In a medium, microwave safe bowl, combine chocolate chips and half the can of sweetened condensed milk — it's important that you measure 150 ml in a liquid measuring cup or 190 grams or about 5 oz on a scale — don't eyeball it!
Microwave on high for 30 seconds, stir. If not completely smooth, microwave again for 15 seconds, and stir until smooth. Mixture will be thick like fudge.
Spread onto prepared pan in a layer about 1 cm or between ¼ and ½ inch thick. Use your hands to smooth it out if you have to (it's not sticky, so it will spread easily!). Refrigerate while you prepare the peanut butter.
In another medium, microwave safe bowl, combine peanut butter chips and the rest of the sweetened condensed milk. Microwave on high for 30 seconds, stir. If not completely smooth, microwave again for 15 seconds, and stir until smooth. Mixture will be thick like fudge.
Spread on top of the chocolate fudge mixture carefully — drop by spoonful on top of the chocolate and spread gently with a spatula. It sets quickly so this should be easy enough to do, though it may not be perfect.
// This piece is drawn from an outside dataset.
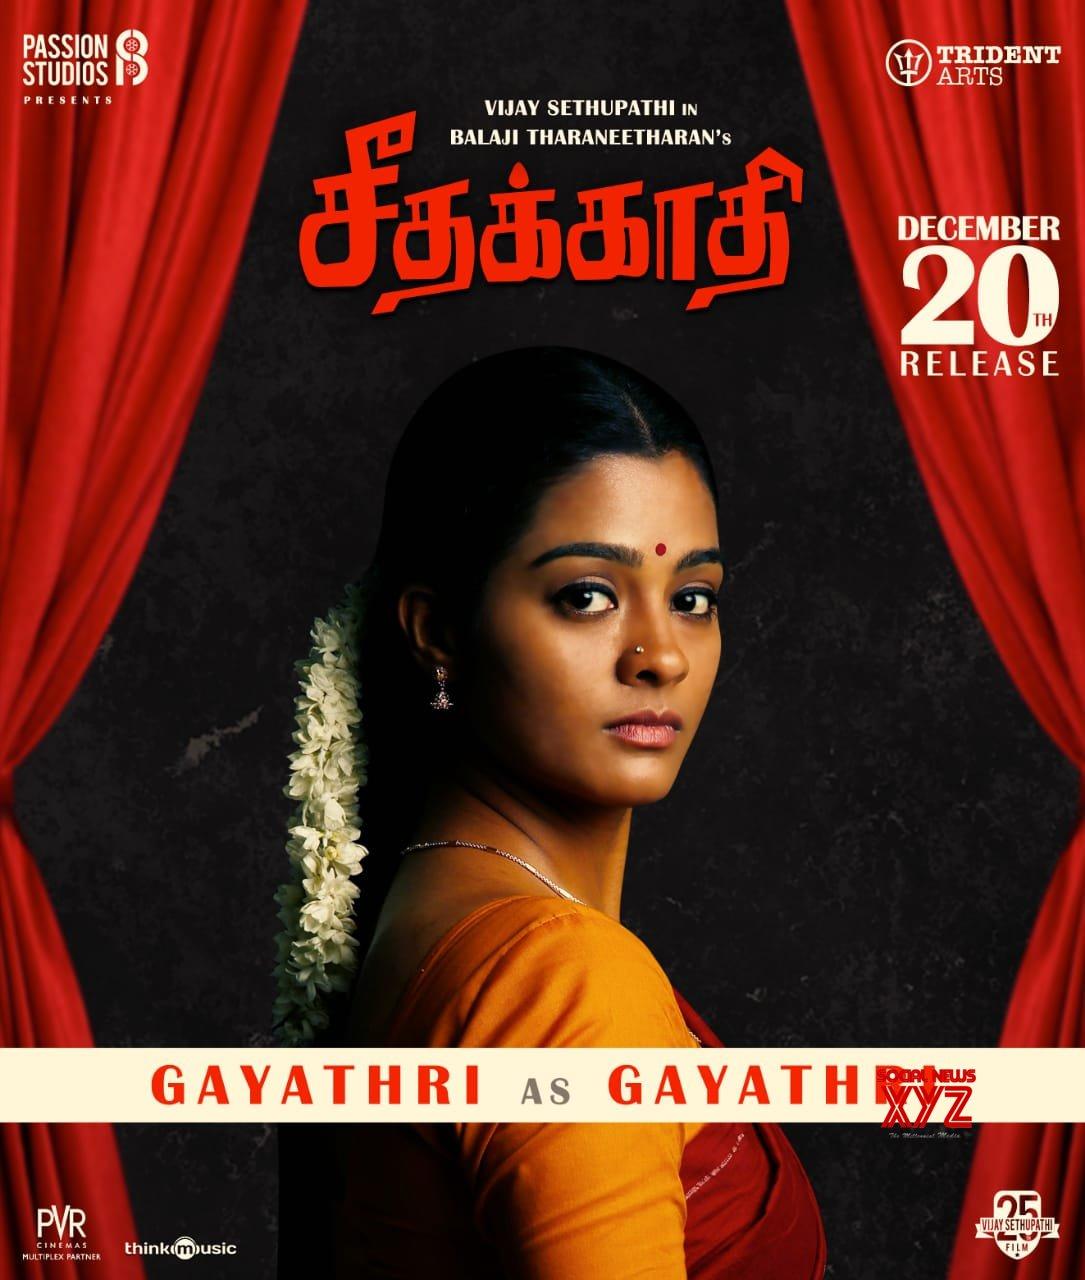 Gayathri As Gayathri From Seethakaathi

Refrigerate for 15-20 minutes or until easy to roll without squashing it. If you take it out and it's hard to roll, put it back in another 20 minutes (you can speed this up by doing 5 minutes in the freezer at a time).
Starting at the long side, roll up carefully and tightly, making sure to leave the parchment behind. Wrap in plastic wrap and chill for 2-4 hours before slicing.
Store in an air tight container in the fridge for up to 2 weeks or freeze up to 3 months.